Steve Jobs has used these mini-events to consolidate Apple’s control of the marketing process away from third party events, and downsized his personal involvement in favor of a team approach at the recent WorldWide Developers Conference. Certainly concern about the CEO’s health plays some role in these shifts, but more important is maintaining a strategic momentum in staying out front of the sweet spot of the two markets Apple is leading.

It seems unlikely Apple would undercut Air sales with a netbook strategy, and equally dubious that Phil Schiller would be given that task. There’s room in the refresh cycle to either abandon the Mini or consolidate it in a portable context, but that would play more into Google’s hands as yet one more device to offer Google Apps and Chrome. One thing Jobs has never done is to blur the distinction between his products and the rest of the market.

As for the iPhone, the news is good and getting better. It’s hard to ignore the number of people who are leaving hardware at home and venturing to meetings with just the iPhone as their net connection. Though some see the G1 as challenging the iPhone with Flash support and relaxed application controls, Apple has much less to concede to slow competitive pressure. Already services such as Qik are transcoding user videos into Quicktime format, and eventually pressure will encourage Apple to allow applications such as the Qik recorder for the iPhone to be made available to the public.

Stepping back from the day-to-day turmoil and looking at where we are a year and a half after the iPhone’s release, Google’s on-demand cloud apps have fundamentally transformed how we reach the Web. Not only has the free suite of mail, calendar, chat, video conferencing, and collaboration tools finally pushed Microsoft into the game, but the shift of our data to the cloud has made the interchange between phone and computer seamless.

Apple understands how we work in this new paradigm, and has provided the necessary tools for managing the work of information triage in this burgeoning world of realtime virtualization. The device matters more than ever, but not as an island unto itself.

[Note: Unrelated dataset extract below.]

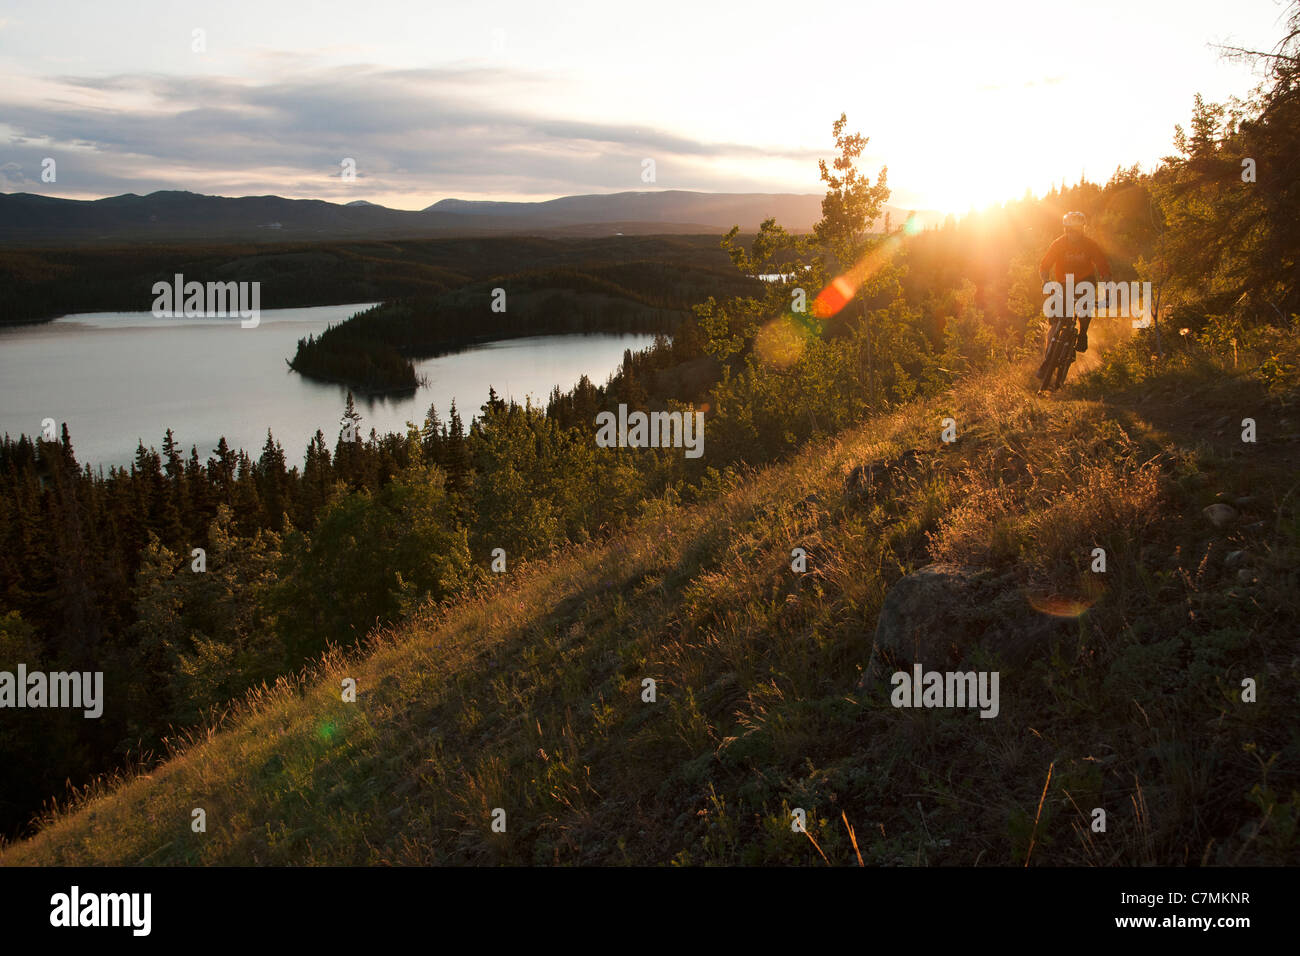 A mountain biker rides a trail under the midnight sun in Whitehorse, Yukon Territory, Canada Stock Photo
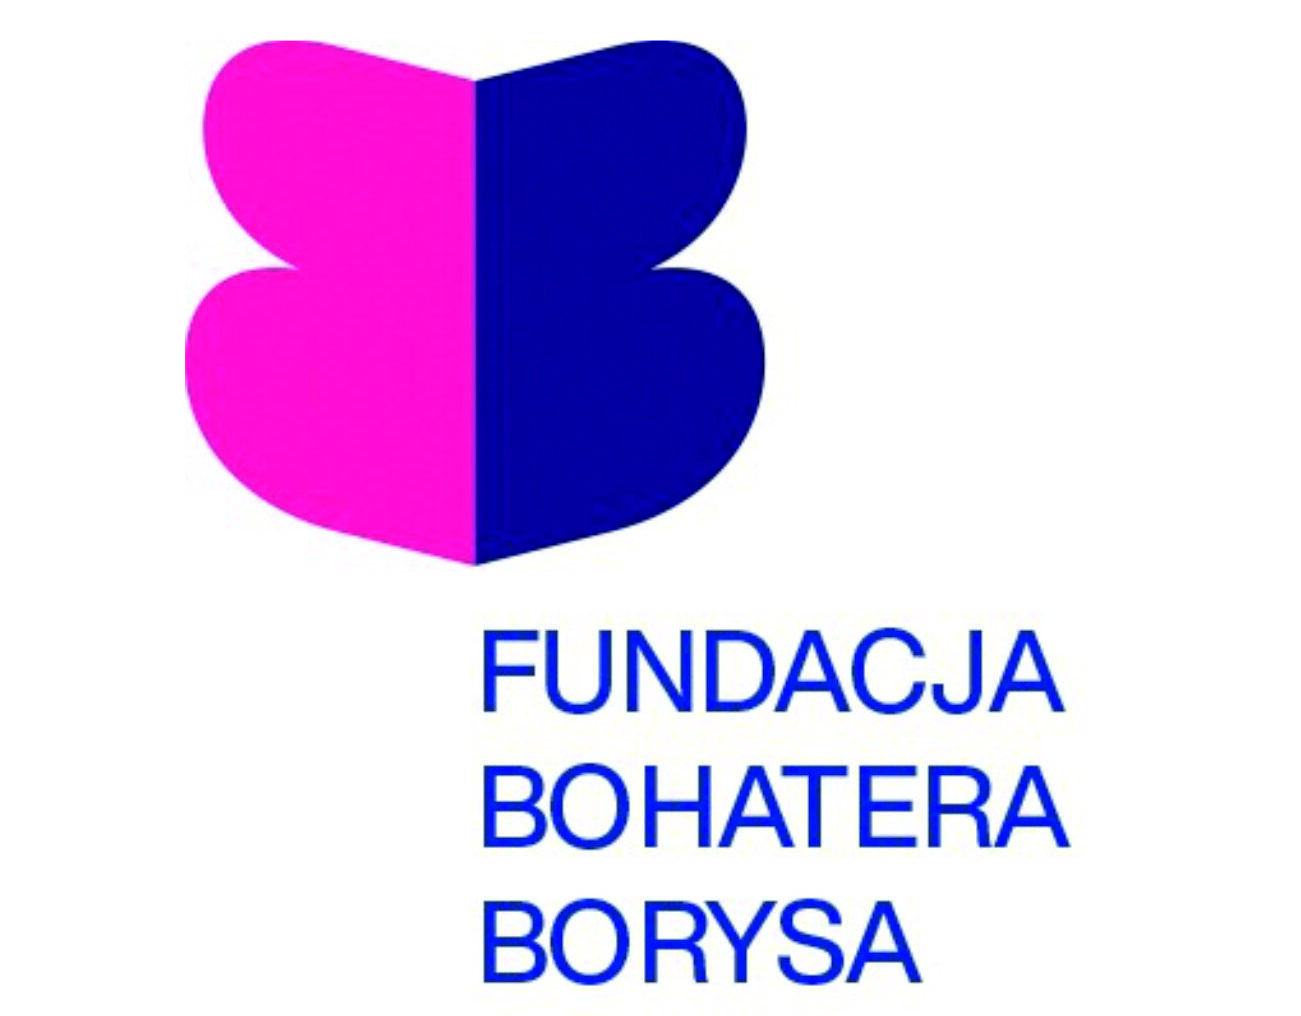 Fundacja Bohatera Borysa

Deficiencies on the iPhone such as lack of copy and paste can be managed through services that provide addresses, phone numbers, and microbites of information as part of reminders or task lists. Gmail’s new task list keyboard shortcut for email items can be extended to harvest other links, and pushed to the iPhone for action on the go.

Virtualizing information flow creates a strategic barrier to those who follow, and Apple is out ahead in each major area except the ones that Google must own to continue to grow. Understanding the Google imperative frees Apple to take advantage of the Google “middleware” layer to stitch its hardware together across the various nodes of our work and play life. This virtual life style is more efficient for companies seeking to outsource their workforces while maintaining the subtle group dynamics that lead to success in difficult times.

Killing off the MacWorld conference is just such a pragmatic business decision at the enterprise level; there’s no need for a conference to evangelize the next wave of products when the current wave already does the trick. Apple’s challenge is to pry open the carriers to transport the video endpoints from mobile devices, and work with Google and others to create software to take advantage of multiple collaborative endpoints that know where you are and behave accordingly. This orchestration of business processes around streaming video, micromessaging, and social identity is the IP that Apple lives on and for.